HealthDay News — The effectiveness of immunomodulation with intravenous immune globulin (IVIG), glucocorticoids, or both varies in multisystem inflammatory syndrome in children (MIS-C), according to results from two observational studies published online June 16 in the New England Journal of Medicine.
Mary Beth F. Son, M.D., from Boston Children’s Hospital, and colleagues analyzed surveillance data on inpatients younger than 21 years with MIS-C who were admitted between March 15 and Oct. 31, 2020. The effectiveness of initial immunomodulatory therapy with IVIG plus glucocorticoids was compared to IVIG alone. The researchers found that in the propensity score-matched analysis, the risk for cardiovascular dysfunction on or after day 2 was lower with initial treatment with IVIG plus glucocorticoids (103 patients) versus IVIG alone (103 patients; 17 versus 31 percent; risk ratio, 0.56).
Andrew J. McArdle, M.B., B.Chir., from Imperial College London, and colleagues conducted an international observational cohort study to compare IVIG to IVIG plus glucocorticoids and glucocorticoids alone for MIS-C. Data were included for 614 children with suspected MIS-C: 246, 208, and 99 received IVIG alone, IVIG plus glucocorticoids, and glucocorticoids alone, respectively; the remaining children received other treatment combinations or no immunomodulatory therapy.
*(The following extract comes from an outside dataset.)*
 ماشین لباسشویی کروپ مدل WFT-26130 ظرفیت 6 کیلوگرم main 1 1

The researchers observed no significant differences in the adjusted odds ratios for receipt of inotropic or ventilator support or death for patients who received IVIG plus glucocorticoids or glucocorticoids alone versus IVIG alone.
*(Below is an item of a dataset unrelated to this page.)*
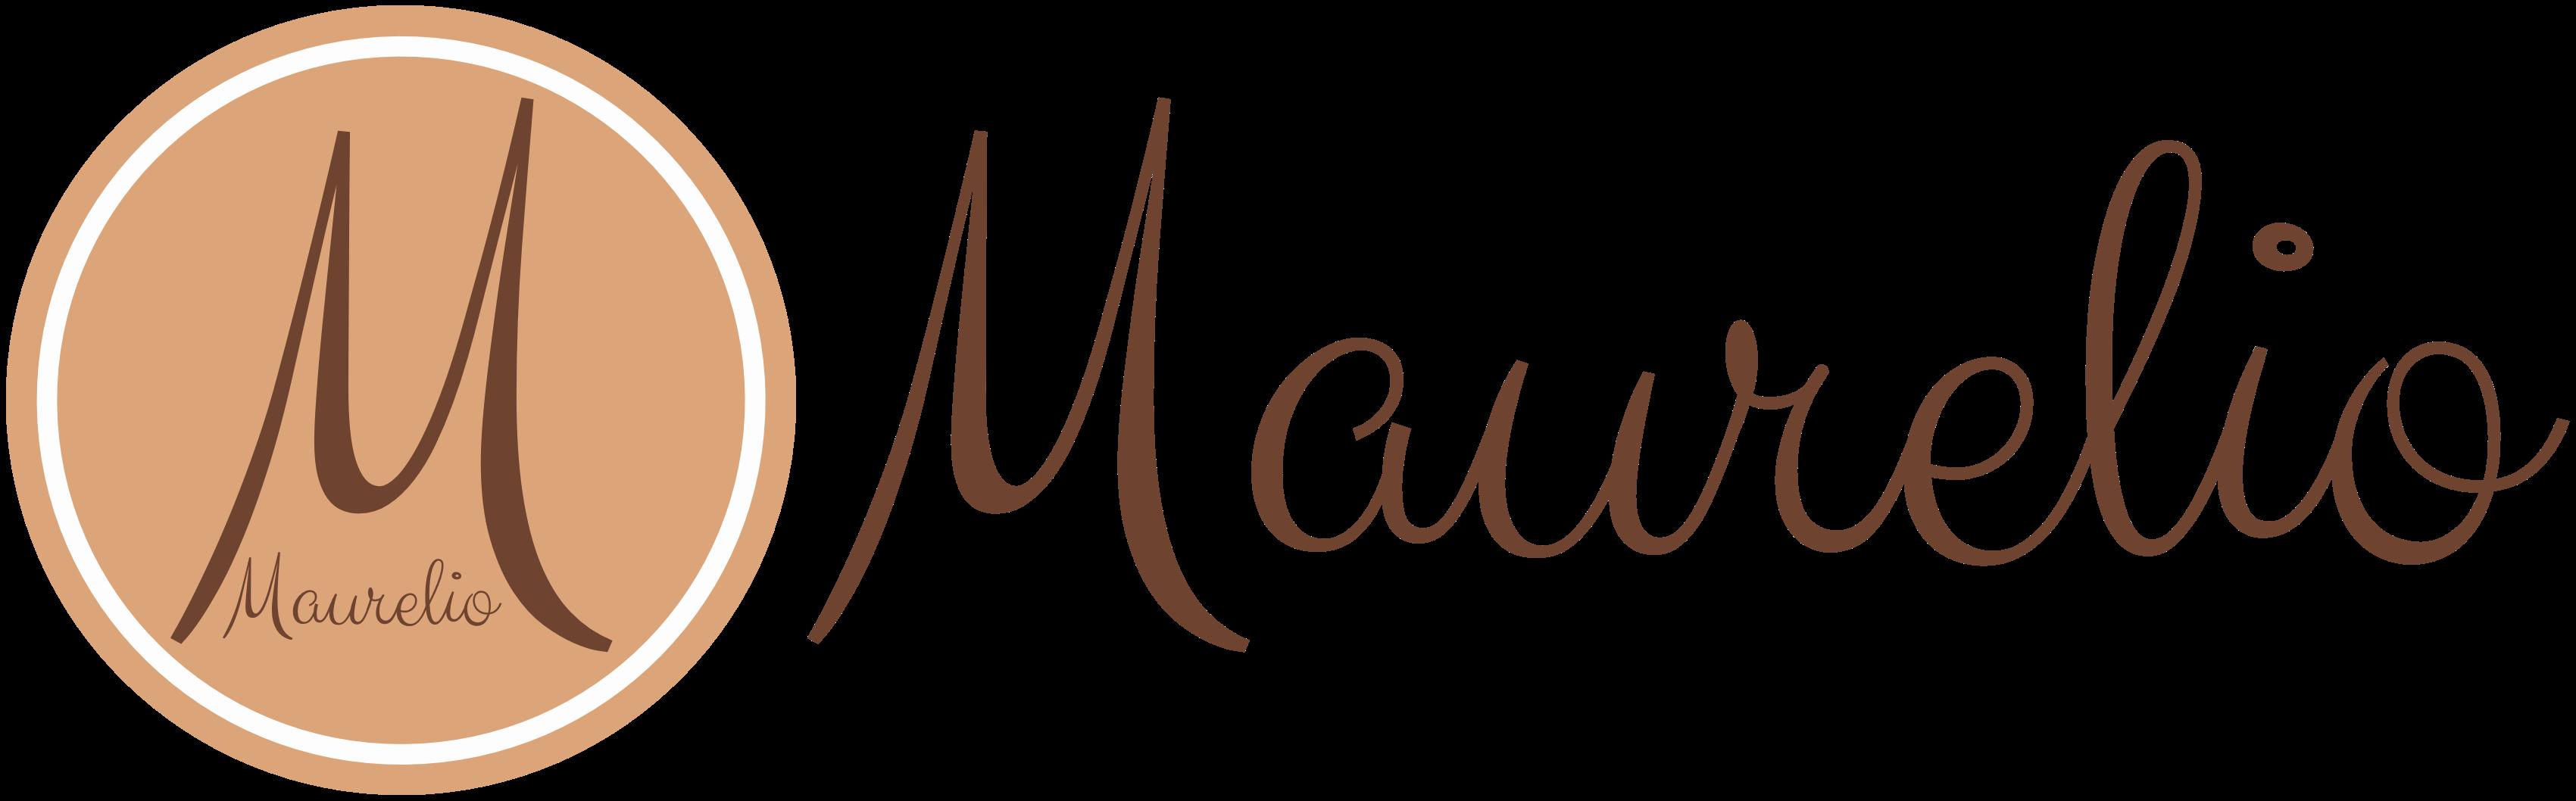 Maurelio

“Continued collaboration across centers is essential to decreasing the short-term incidence of death and complications, particularly as COVID-19 continues to circulate internationally, and to evaluating the effect of vaccination in younger age groups,” writes the author of an accompanying editorial.
Several authors from the Son study and one author from the McArdle study disclosed financial ties to the pharmaceutical industry.